By watching the progress of the construction the kids have been learning about what goes into building a house. Visiting once or twice per week has enabled them to see both the speed of progress, and a lot of the details. “They don’t miss anything,” Jean says. “I’m amazed at all the details they remember between visits.”
A few of weeks into their visits McKinsie suggested the kids write their names on a sheet of OSB that would be put on the roof of the house. McKinsie had volunteers paint a sheet white and placed it on the ground. With permanent markers provided, each of the kids wrote their “names.” Once all the kids had put their marks on the board, volunteers hoisted the sheet and nailed it into place.
“Every time they visit, the kids point out where the board was placed,” McKinsie said. “I think they really get that they are now permanently a part of the house, and part of the family who will be living here.”
“They love coming down to the house and seeing McKinsie and Joe (McKinsie's Assistant Site Supervisor and AmeriCorps member).” Jean says. “I know they’re all going to want to come down here to see how the house is doing after the return to school in the fall.
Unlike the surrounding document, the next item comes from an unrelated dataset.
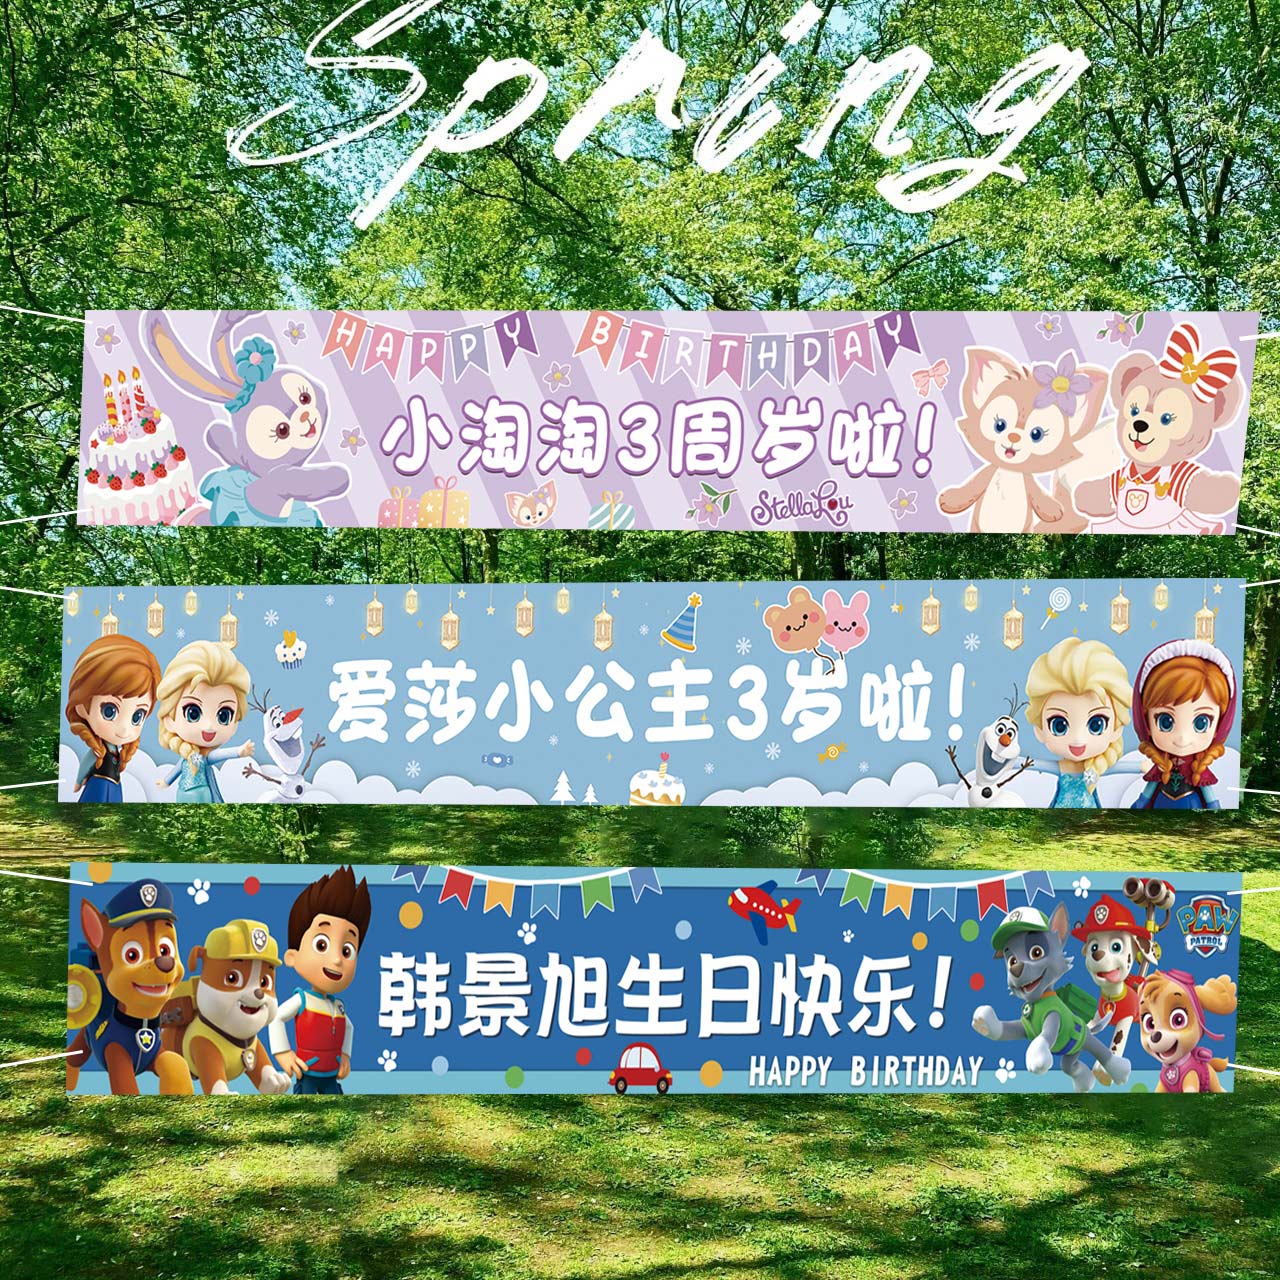 生日快乐装饰横幅幼儿园派对场景布置海报背景布户外学校拍照道具
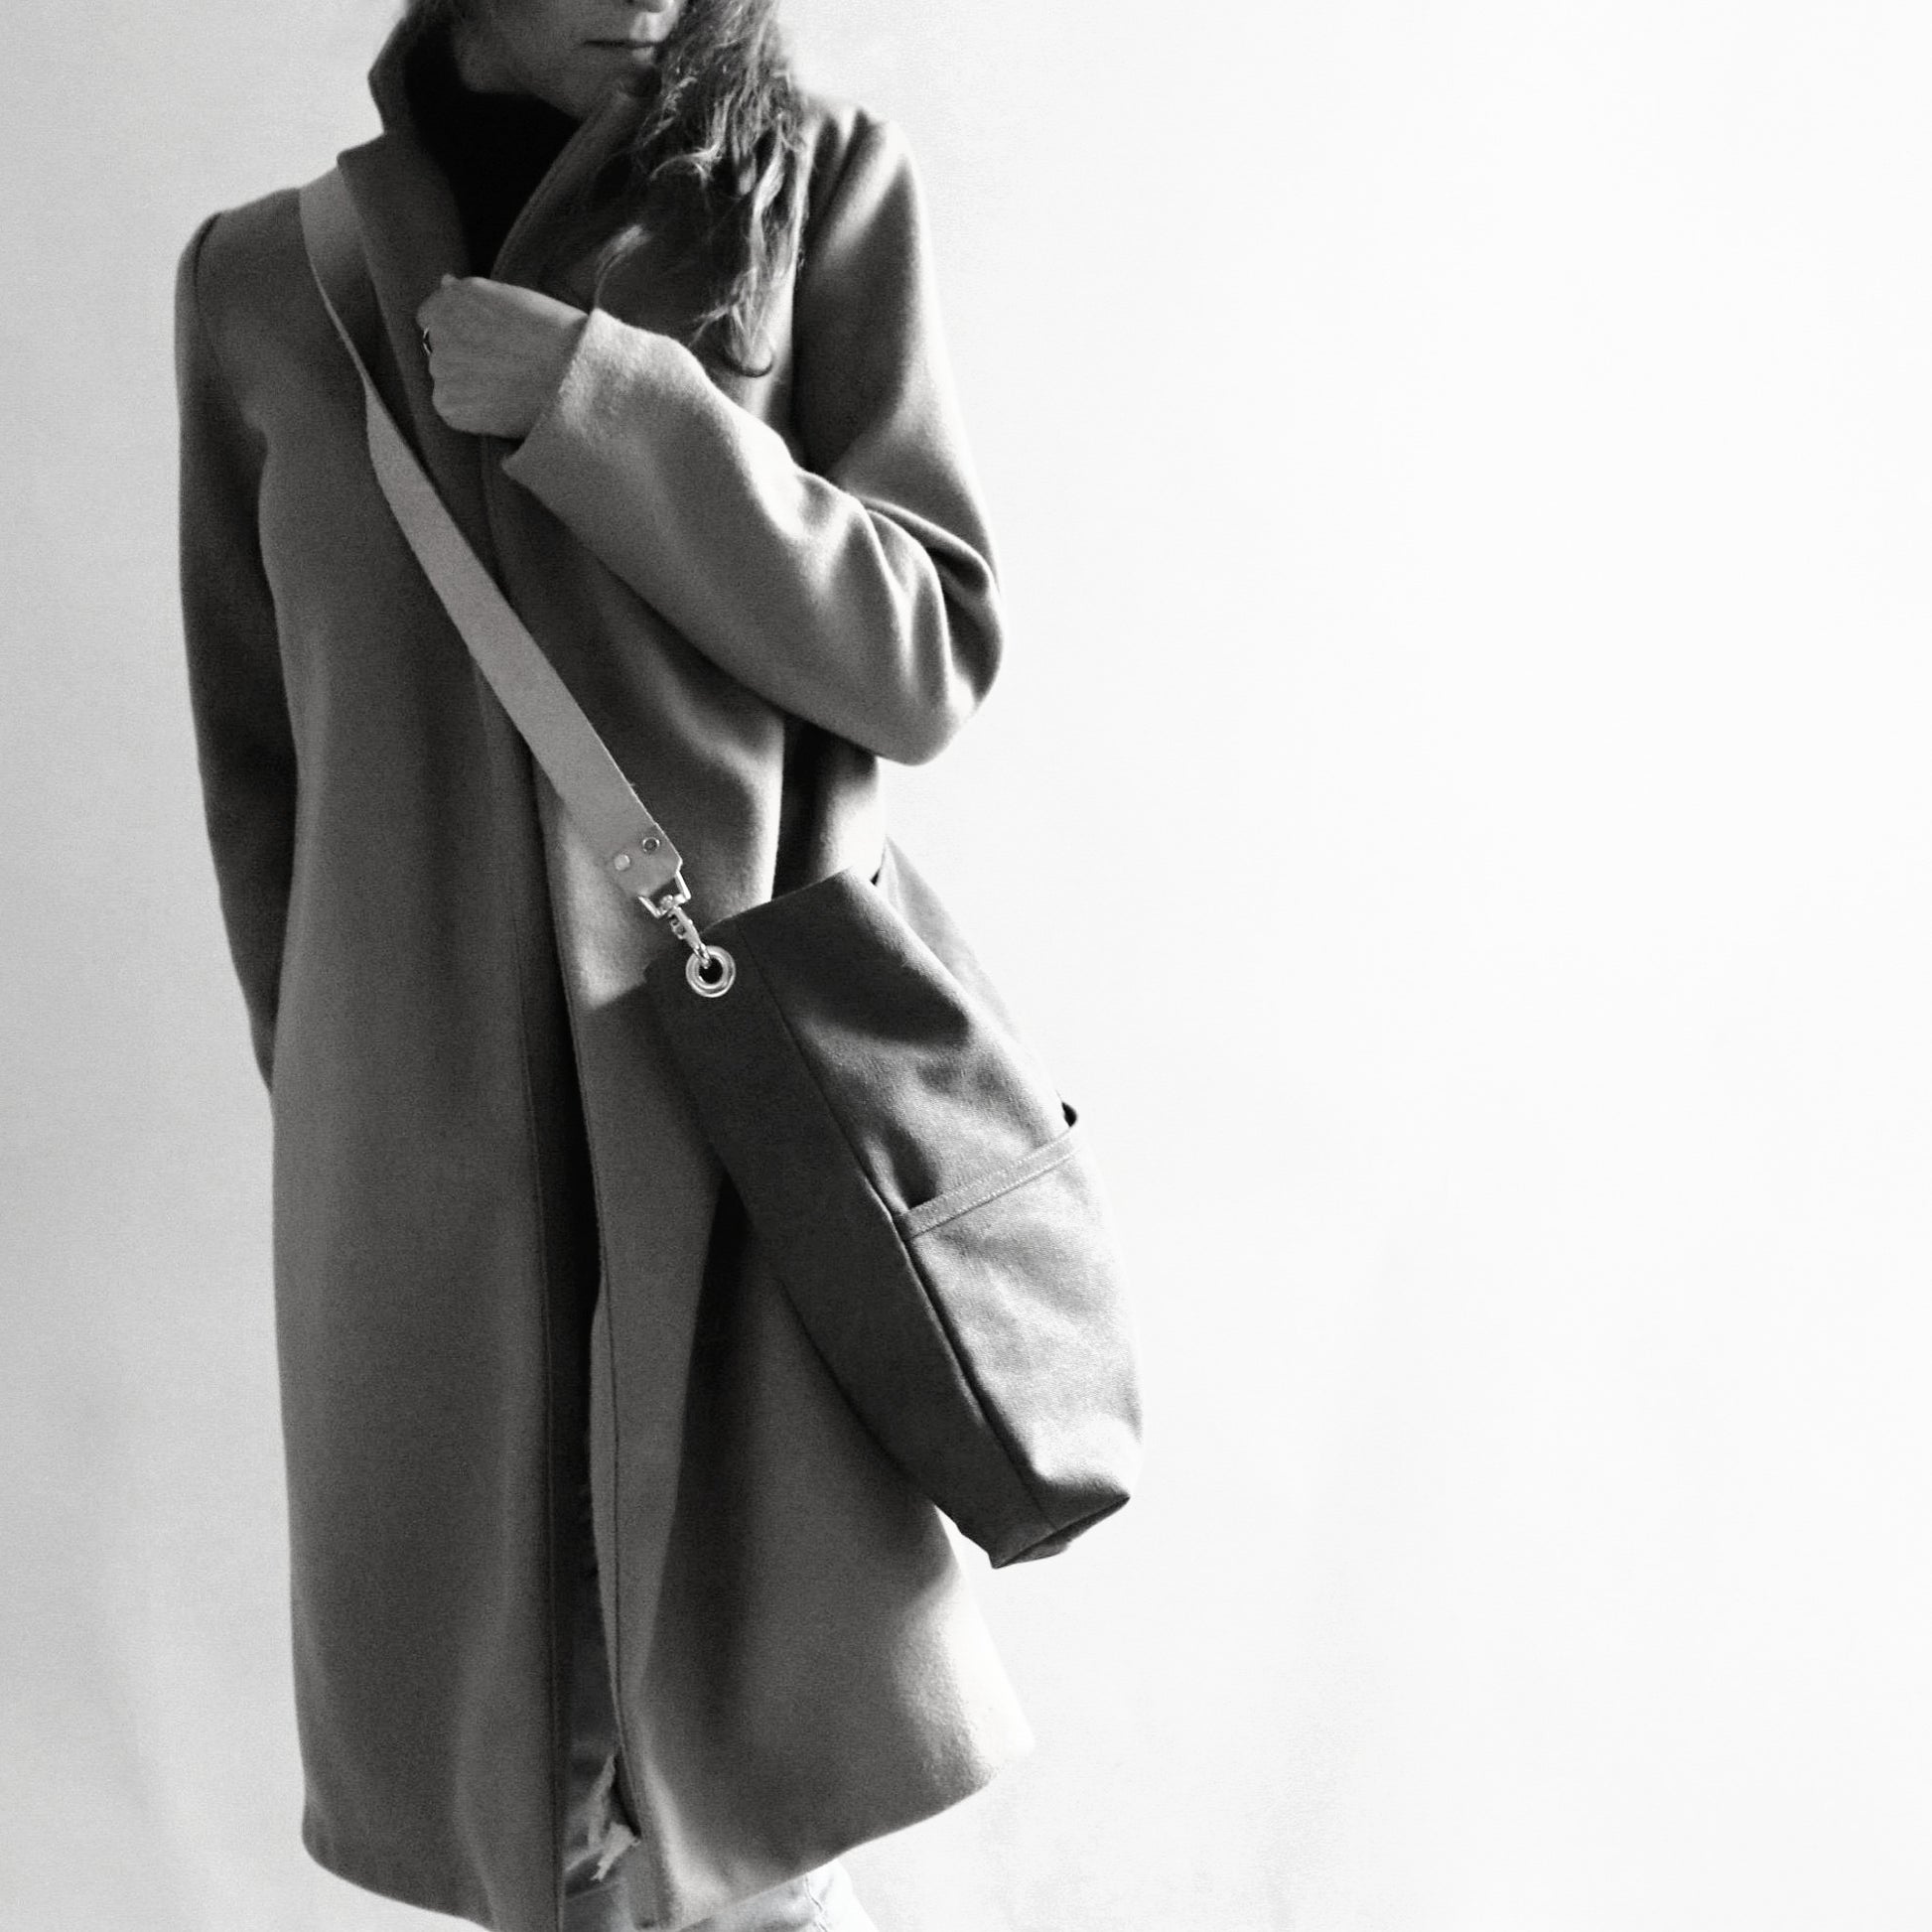 Model in long coat holding oversized hobo bag crossbody style

And I wouldn’t be surprised if some of them came by to watch a few times over the summer.”
In class, inspired by what they were learning from the construction, many of the kids wrote a little piece on what home means to them. Here's a few samples of what they said:
"It’s a place where we live. My other house is full of food and my dress and my mom’s bed. I like to read books. We have books." - Sumayaa
"A house is a home. It's for keeping things safe so you don’t sleep outside if it’s a rainy day. I keep my cat safe." - Chante
"Home is with my Grandma and my mom and my sisters." - Azair
"My house is an apartment. My mom and dad and my mom baby and my sister and my brother and my big sister live far away from me with my Grandma." - Paw
“It’s been a wonderful to connect with the kids,” McKinsie says. “They’re so much fun and bright and our volunteers have really enjoyed them. I’d be willing to bet that several of them end up volunteering on a Habitat build when they grow up.”
Judging by the enthusiasm of the kids at the site, that should be a pretty safe bet.